Silvia

She came back in and the night was like always. Lying in bed but feeling like I’m walking in mud up to my chest with Dante in my arms and Velvet on my back like a monkey, with her hands around my neck going mami this, mami that. Street noise keeping me awake, music, people yelling, strings of angry words I don’t know except money and bitch and money. Money, always money. I can’t get enough shifts, and they say they’ll turn the lights off if I don’t pay. I can’t pay, if I do there won’t be enough for rent. I’m supposed to send money for my sister in DR. I’m supposed to make cookies for a sale at the school. The only thing that makes me feel better is talking to the one person who’s really my friend, a black woman named Rasheeda who even speaks Spanish. And I can’t go to her now because her pregnant daughter tested positive for HIV and now she won’t even talk to Rasheeda; how can I come to her with my problems?

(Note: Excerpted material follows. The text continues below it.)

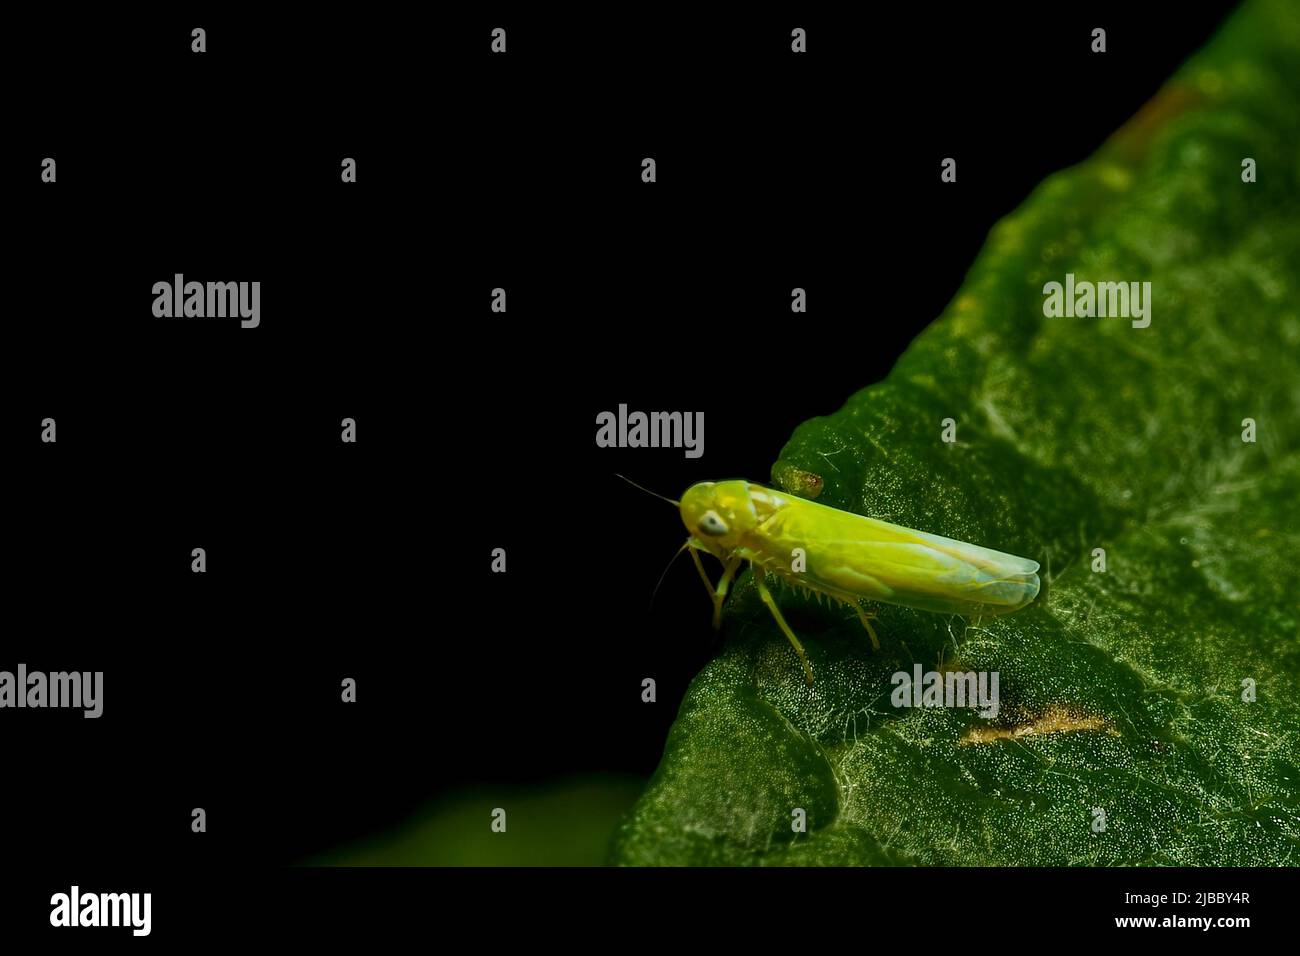 Green vine cicada (Empoasca vitis) on a leaf, with copy space, isolated, black background Stock Photo

I turn on my back for just a moment. Dante stirs. I think, Just a minute. Just a minute away from him and from her, remembering: my father’s soft cheek at night, the smell of his body, tobacco and sweat. The time I went to a party when the hostess had a tray of prizes for the kids, and I reached up to it and got a tiny doll with no face in a big dress. The horses walking in the street; the horse.

I rode a horse when I was six. Because my father was friends with Mr. Reyes, the man who ran a store down the street, and Mr. Reyes had a horse. One day my father held me up so I could see the horse’s face, and he had rough skin but soft eyes. I put my hands on his neck and it felt good. I wanted to get up on him, so my father laughed and put me on his back. And on that horse I saw the world: sky, trees, buildings, streets going in different directions. My life, going in different directions. My father was talking to Mr. Reyes with his hand on the horse; it was right by my leg. But then he turned and his hand came off the horse. And the horse began to move! He walked and then Mr. Reyes yelled and the horse ran, and the world was shaken so hard my teeth rattled. I grabbed the mane and watched the world clatter by, I clattered by my mother running out the house waving a towel. Somebody stood in front of the horse, and it reared up and I fell off. I banged my head; it felt like all my bones broke. I cried, Mami! A dark hole closed over me and I fell down into it.

In the hole people were yoked to machines, thousands of people, naked, bent, and pulling, so angry that they bit the shoulders of those before them. Voices said, “You are lazy and selfish”; the voices came from faces joined together in a breathing darkness, one dark, expressionless face made of many faces, a black field of nose-holes, eye-holes, and many mouths. People fell down the slippery holes and mouths and into working guts; they were shit out into dreams of people who did not even know them. I was there, with the shit-people. We crawled in the dirt of dreams, the dreams of those who cursed us without knowing us. Above were signs, telling us what we were: crosses, dollars, flashing lights, thousands of quick-moving pictures showing pain and ugliness.

And then my mother grabbed me up by my arm and slapped me awake, crying. My father said, “It’s not her fault!” but still she got me home and whipped my legs. Later, my father got me a piece of candy.

Now he’s gone. When he died I could not even be with him to say good-bye because I had no money to get on the plane.